В дороге было жарко.
Обер-лейтенант снял замшевые перчатки, – почти белые, но со слабым лимонным оттенком, – вывернул их наизнанку и повесил на эфес сабли, поставленной между колен. Чиновник позволил себе расстегнуть форменный сюртук с погончиками и снять белую фуражку, мокрую внутри. Но при въезде в село обер-лейтенант снова натянул перчатки, а чиновник министерства земледелия застегнулся и надел фуражку.
Часовой в глубокой каске, ходивший под деревом, на котором, уронив головы, висели Ременюк и матрос, остановился и сделал руки по швам.

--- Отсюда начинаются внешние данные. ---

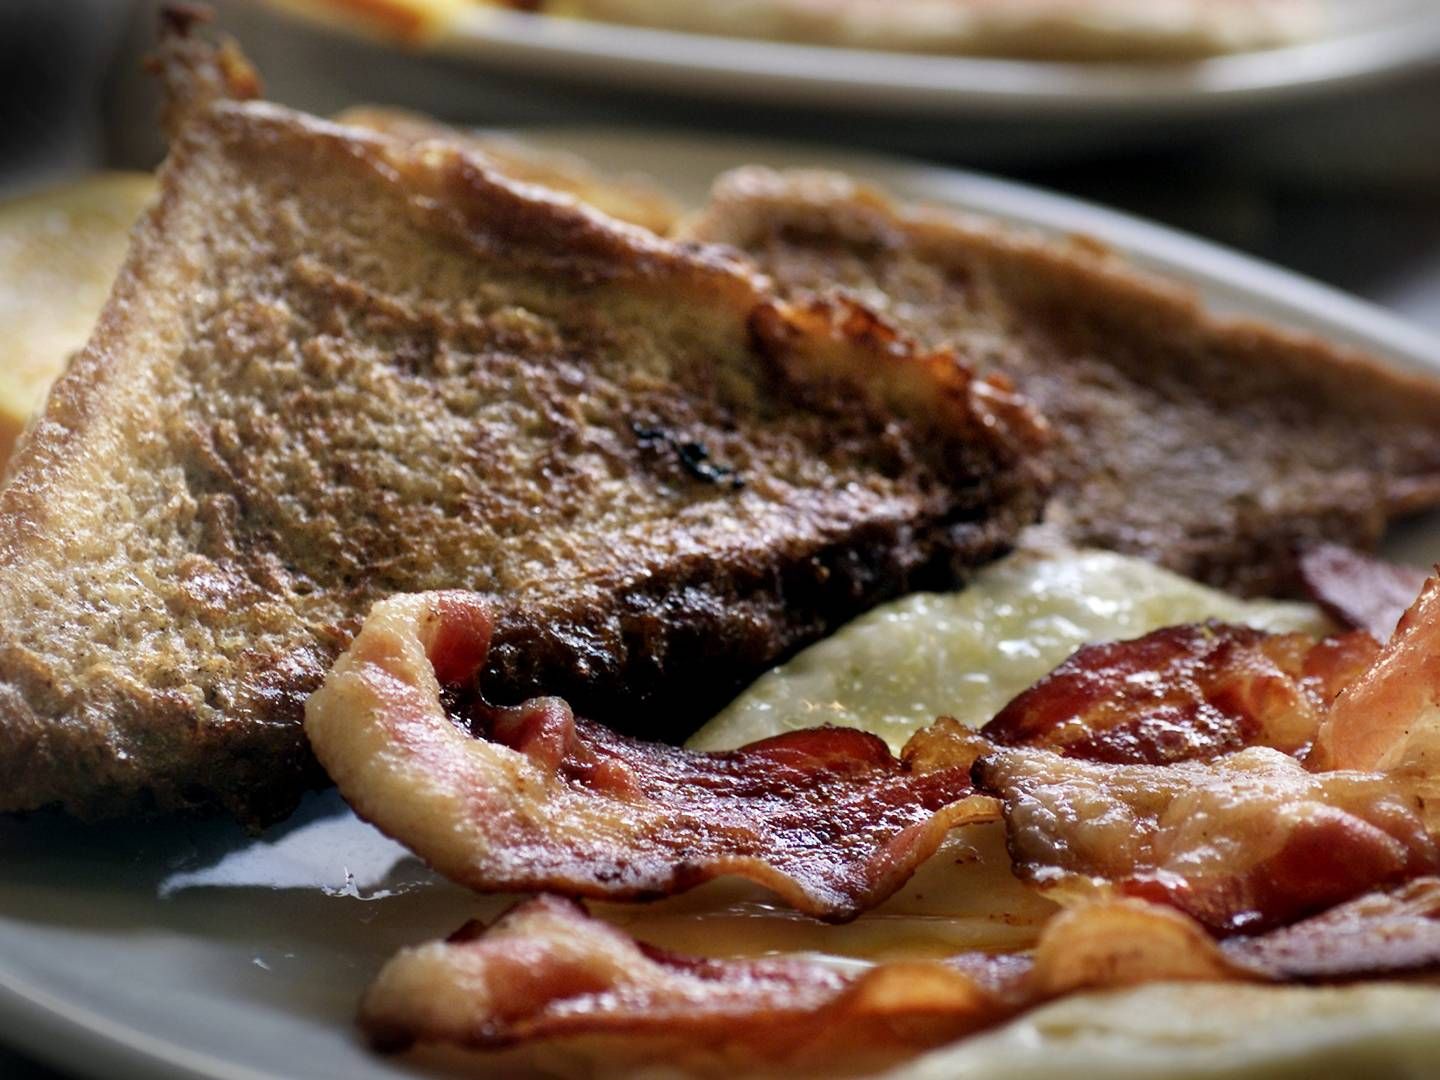 Danish Crown vil kæmpe for, at en traditionel "English breakfast" skal indeholde dansk bacon. | Foto: Kim Nielsen

Обер-лейтенант, не переставая смотреть вперед, приложил два пальца к фуражке. Чиновник искоса взглянул на грушу и, достав из узкого кармана брюк плетенный из египетской соломы портсигар с эмалевым жучком-скарабеем вместо монограммы, решительно кинул в рот коричневую папироску Месаксуди.
Экипаж прокатил через село и въехал в экономию Клембовских, где уже был расквартирован штаб.
Во дворе дымилась кухня. Команда связи расставляла на желтых лакированных палках телефонный провод. Драгунские лошади у коновязи свистели хвостами, отмахиваясь от слепней. На открытом крыльце стоял пулемет.
Часовые вытянулись. Обер-лейтенант поднялся по ступеням и сбросил на руки вестового серый плащ. Чиновник министерства земледелия рысью следовал за комендантом, на ходу сбивая с ботинок пыль носовым платком.
Не входя в дом, обер-лейтенант отвел руку назад и щелкнул пальцами. На крыльце тотчас появились два стула. Офицер уселся, закинул ногу за ногу и воздушным движением посадил в глаз стеклышко монокля.
Все внимание его было устремлено на большую палатку, разостланную посреди двора.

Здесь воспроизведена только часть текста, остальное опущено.